The kinematics and mechanics of oblique ramp deformation within fold-and-thrust belts

Abstract

The South Fork thrust, a hanging wall imbricate of the Absaroka thrust sheet, southwest Wyoming, has a high angle (~70°), small displacement (~900 ft.), oblique ramp in the hanging wall and footwall. Two penetrative deformation events were recorded by folding, stylolitic cleavage, and calcite twinning strains. The first, with east-directed "regional" shortening, is attributed to early layer-parallel shortening. The second event suggests northeast-directed shortening unique to the oblique ramp, nearly perpendicular to its strike. A systematic change in the orientation of bedding and fractures near the oblique ramp suggests that the hanging wall also underwent a quasi-rigid body rotation as it was pinned near its western terminus. Kinematic models for the deformation of hanging wall material moving over a footwall oblique ramp are developed by considering two end members of assumed mechanical behavior: vertical shear and layer-parallel shear.
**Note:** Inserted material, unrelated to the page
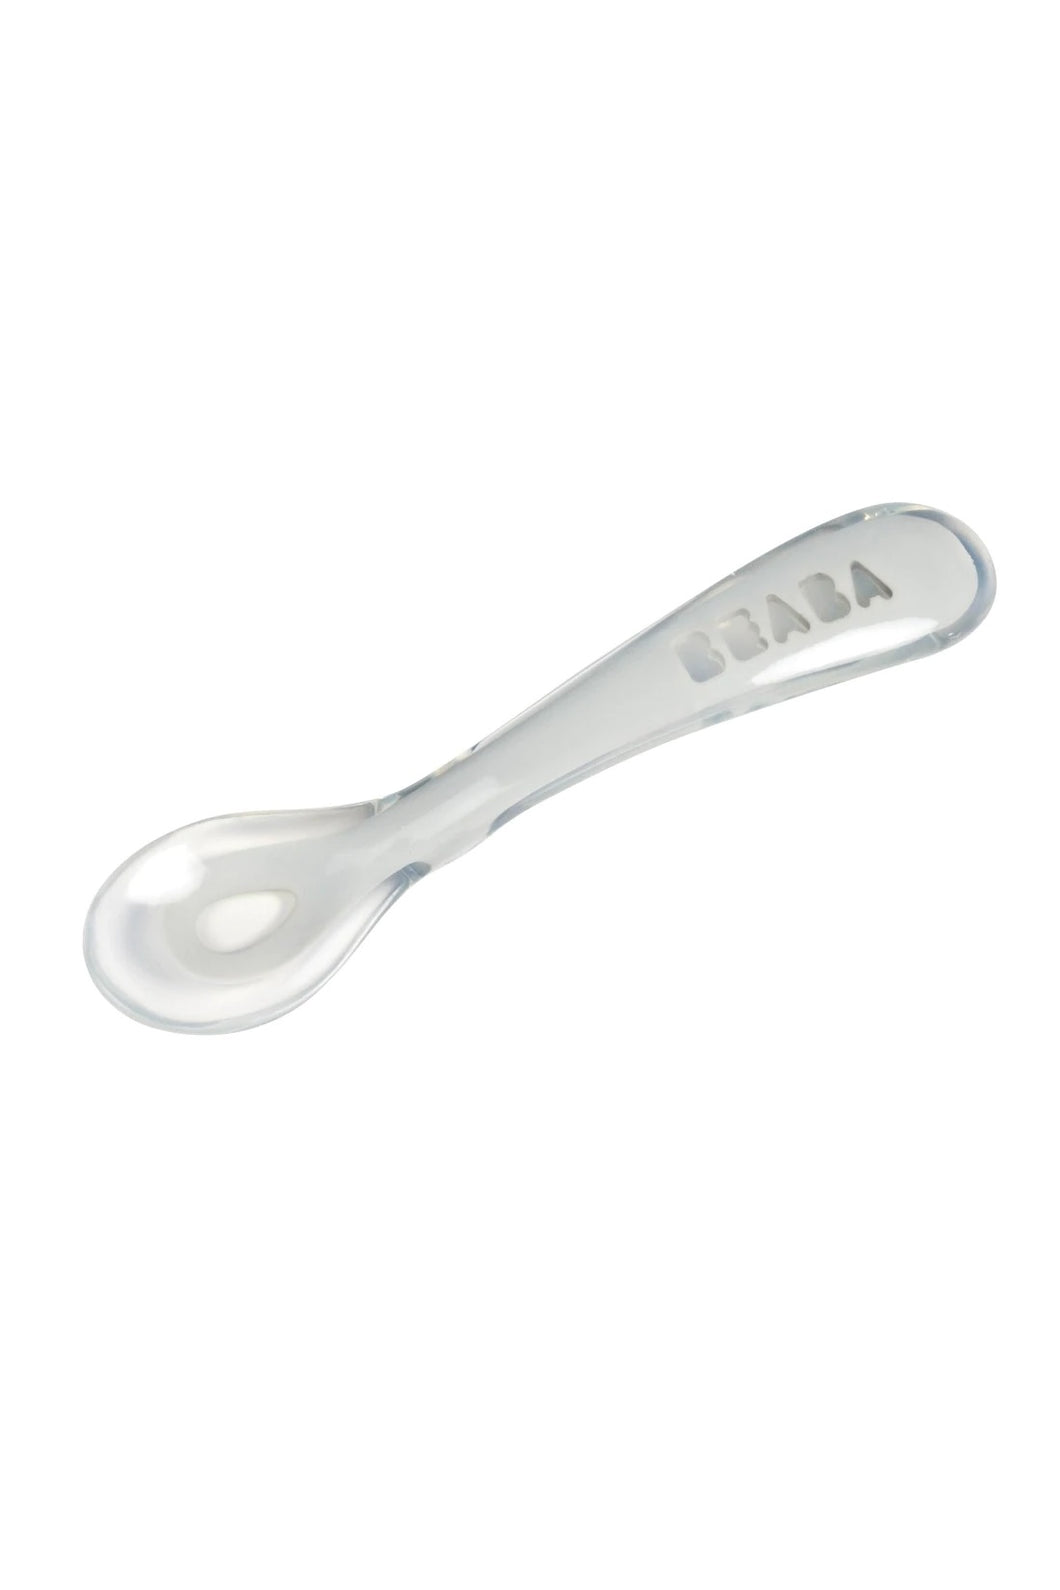 Beaba 2Nd Age Soft Silicone Spoon Light Grey 1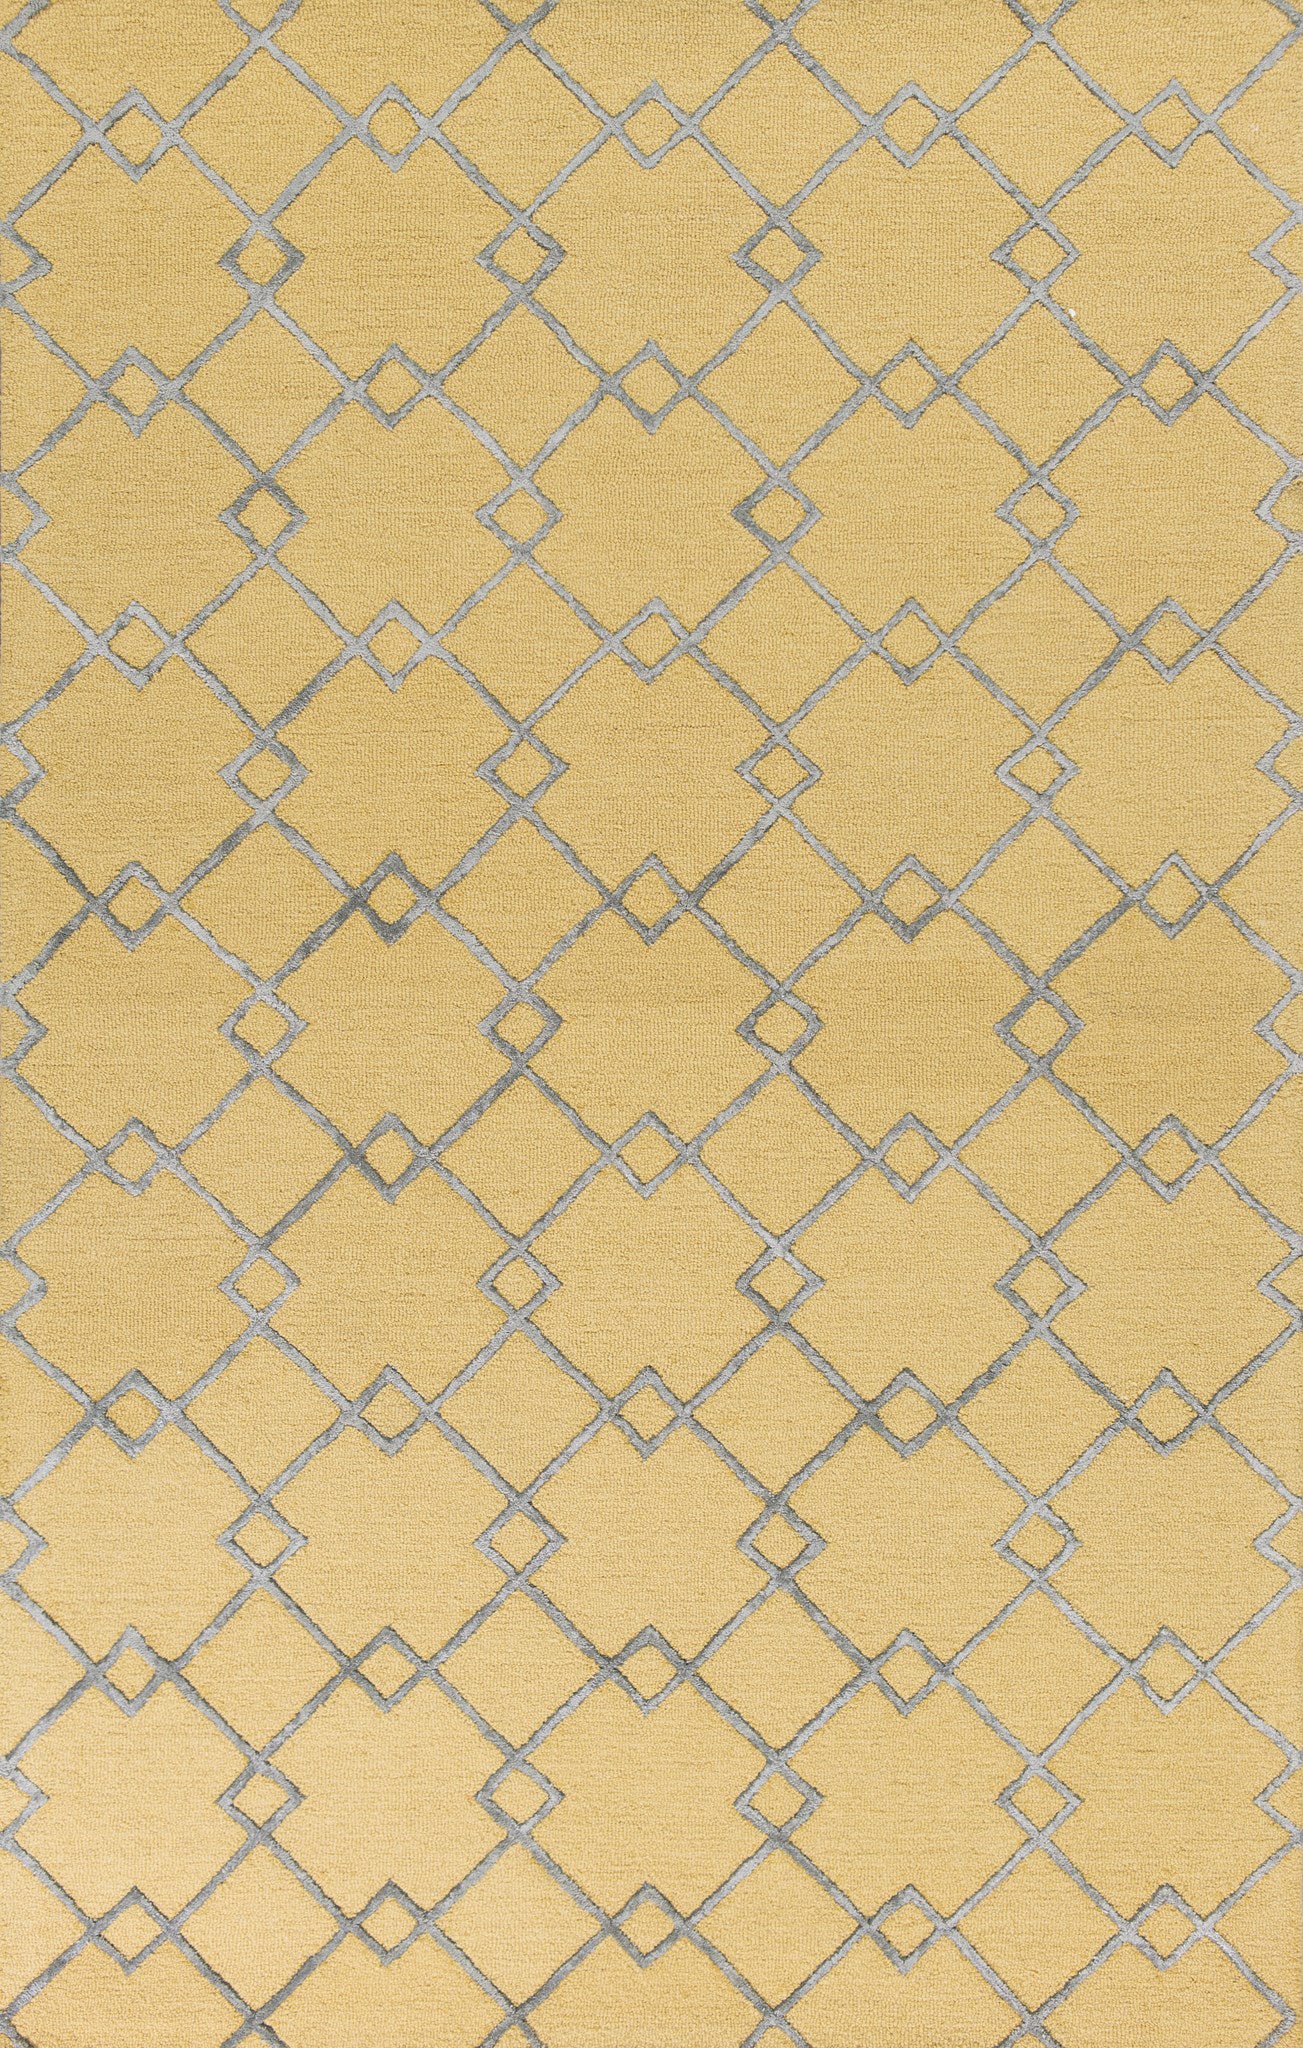 KAS Impressions 4613 Gold/Grey Courtyard Area Rug main image

In the former case, material is sheared vertically and displacements remain within the tectonic transport plane. In the later case, material is deflected out of the transport plane. The deflection and out-of-plane shear strains are zero for frontal and lateral ramps, and maximum at an intermediate oblique orientation, depending on ramp dip. At frontal ramp-oblique ramp intersections, the deflection may cause local strike-parallel extension or shortening. Hanging wall motion over footwall topography has been modeled by solving a 3-D boundary value problem, in which the hanging wall is represented by a linear viscous half-space sliding over a low dip, frictionless, sinusoidal interface. One interface resembles a series of basins and domes, and is the locus of out-of-plane displacements, velocities, and stresses. In a second model, the basic velocity is at an oblique angle to the strike of the axis of the cylindrical interface. The maximum and minimum compressive stress and perturbed velocity field are always oriented in a plane perpendicular to the cylinder axis, and their magnitudes are a maximum for dip-slip, and minimum for strike-slip. The total velocity field is locally deflected out of the transport plane. The magnitude of the deflection is zero for dip-slip and strike-slip, and a maximum at an intermediate value.